To compile the code sample, use:

icpx simple-ompoffload.cpp -fiopenmp -fopenmp-targets=spir64 -o simple-ompoffload

Setup the following environment variables before executing the binary to run the offload regions on the CPU:

export LIBOMPTARGET_DEVICETYPE=cpu
export LIBOMPTARGET_PLUGIN=opencl

Results after execution:

./simple-ompoffload
Successfully completed on device

Offload Code to CPU

When offloading your application, it is important to identify the bottlenecks and which code will benefit from offloading. If you have a code that is compute intensive or a highly data parallel kernel, offloading your code would be something to look into.

To find opportunities to offload your code, use the Intel Advisor for Offload Modeling.

Debug Offloaded Code

The following list has some basic debugging tips for offloaded code.

  • Check host target to verify the correctness of your code.

  • Use printf to debug your application. Both SYCL and OpenMP offload support printf in kernel code.

  • Use environment variables to control verbose log information.

    • For SYCL, the following debug environment variables are recommended. A full list of environment variables is available from GitHub.

      Table 1 SYCL Recommended Debug Environment Variables

      Name

      Value

      Description

      ONEAPI_DEVICE_SELECTOR

      backend:device_type:device_num

      GitHub description

      SYCL_PI_TRACE

      1|2|-1

      1: print out the basic trace log of the SYCL/DPC++ runtime plugin

      2: print out all API traces of SYCL/DPC++ runtime plugin

      -1: all of “2” including more debug messages

    • For OpenMP, the following debug environment variables are recommended. A full list is available from the LLVM/OpenMP documentation.

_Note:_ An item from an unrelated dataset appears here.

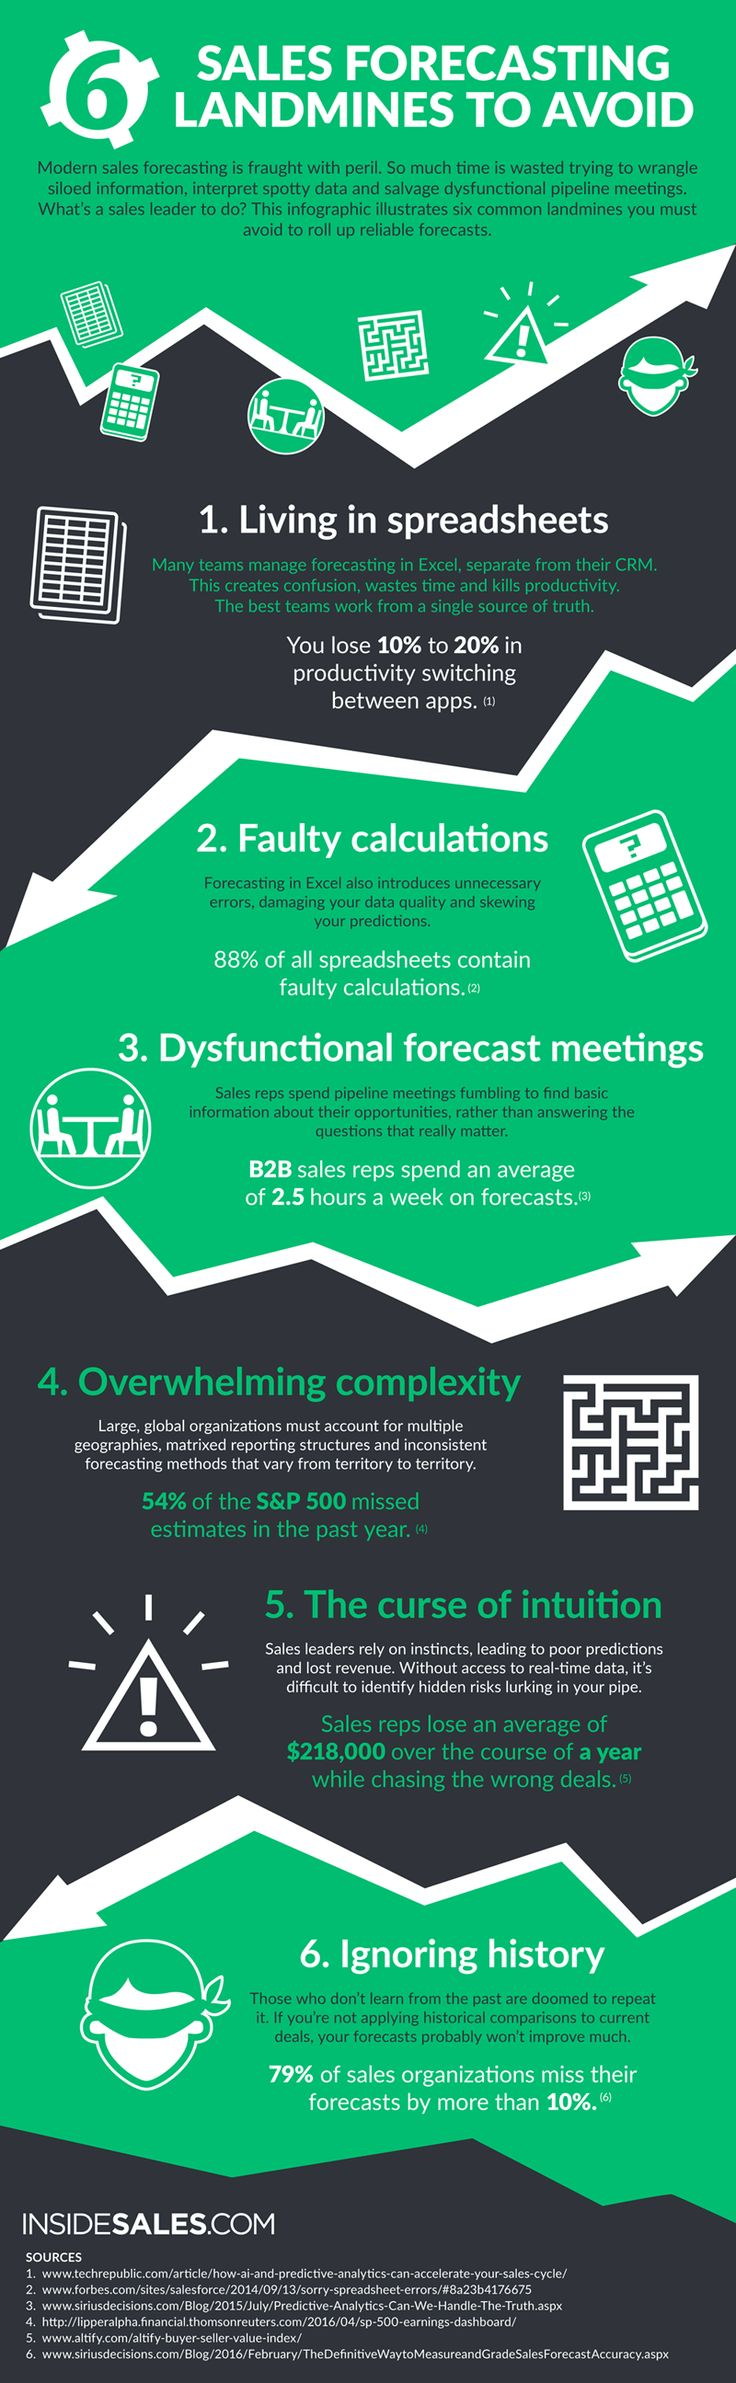 6 Sales Forecasting Landmines Infographic via insidesales

      Table 2 OpenMP Recommended Debug Environment Variables

      Name

      Value

      Description

      LIBOMPTARGET_DEVICETYPE

      cpu|gpu|host

      Select

      LIBOMPTARGET_DEBUG

      1

      Print out verbose debug information

      LIBOMPTARGET_INFO

      Values available in LLVM/OpenMP documentation

      Allows the user to request different types of runtime information from libomptarget

  • Use Ahead of Time (AOT) to move Just-in-Time (JIT) compilations to AOT compilation issues. For more information, see Ahead-of-Time Compilation for CPU Architectures.

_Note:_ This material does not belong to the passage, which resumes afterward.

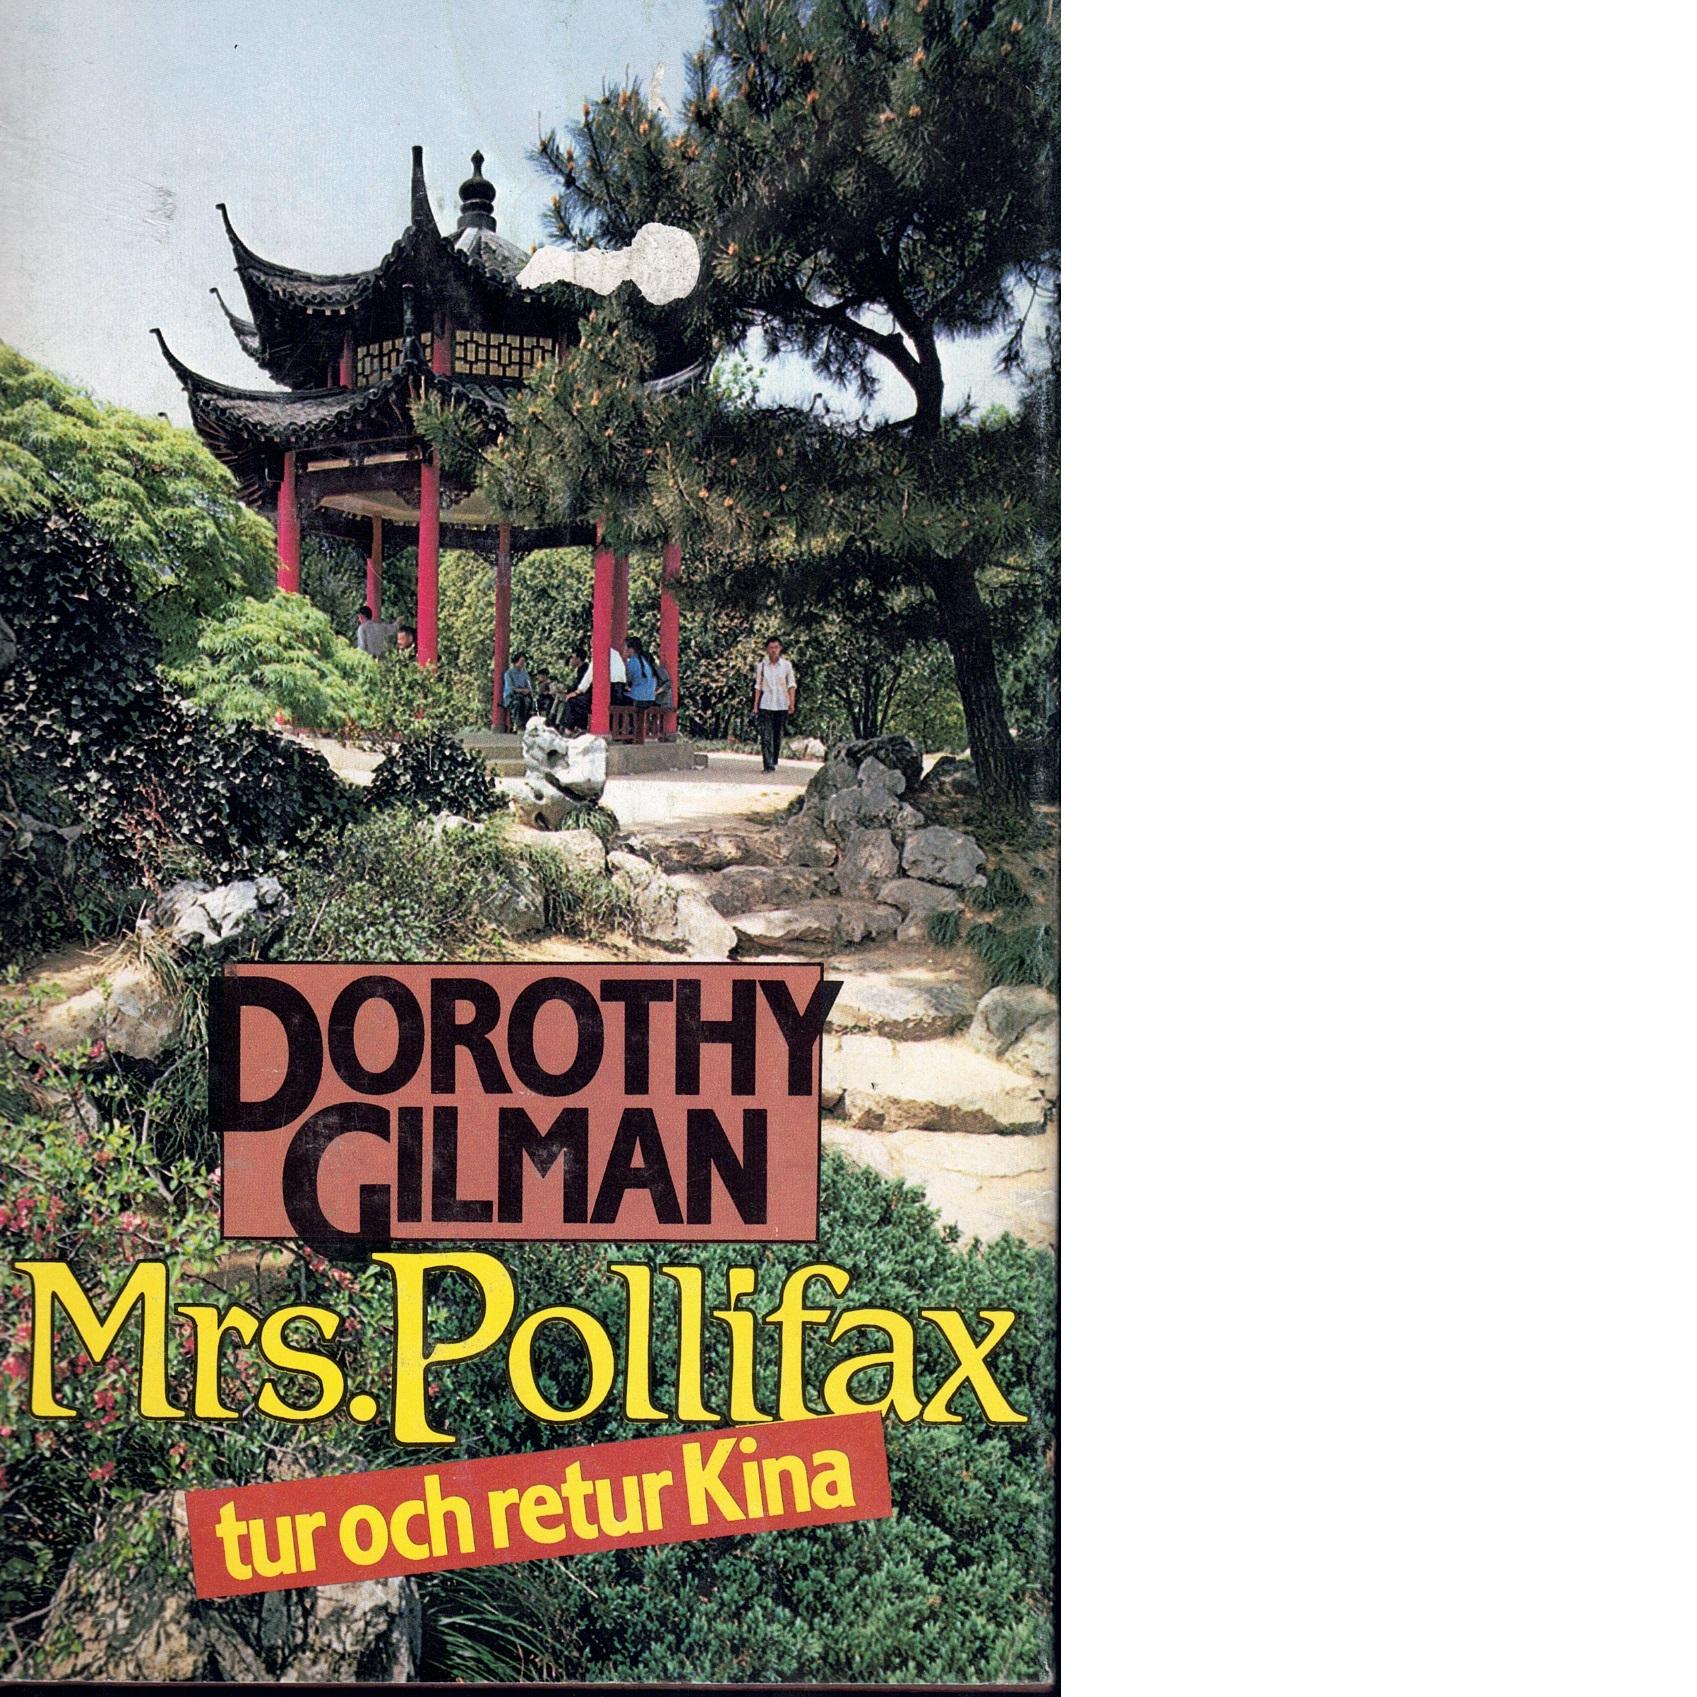 Mrs. Pollifax tur och retur Kina - Gilman, Dorothy

See Debugging the SYCL and OpenMP Offload Process for more information on debug techniques and debugging tools available with oneAPI.

Optimize CPU Code

There are many factors that can affect the performance of CPU offload code. The number of work-items, workgroups, and amount of work done depends on the number of cores in your CPU.

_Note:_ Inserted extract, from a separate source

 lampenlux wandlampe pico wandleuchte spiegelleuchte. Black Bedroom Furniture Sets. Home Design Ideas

  • If the amount of work being done by the core is not compute-intensive, then this could hurt performance. This is because of the scheduling overhead and thread context switching.

  • On a CPU, there is no need for data transfer through PCIe, resulting in lower latency because the offload region does not have to wait long for the data.

  • Based on the nature of your application, thread affinity could affect the performance on CPU. For details, see Control Binary Execution on Multiple Cores.

  • Offloaded code uses JIT compilation by default. Use AOT compilation (offline compilation) instead. With offline compilation, you could target your code to specific CPU architecture. Refer to Optimization Flags for CPU Architectures for details.

Additional recommendations are available from Optimize Offload Performance.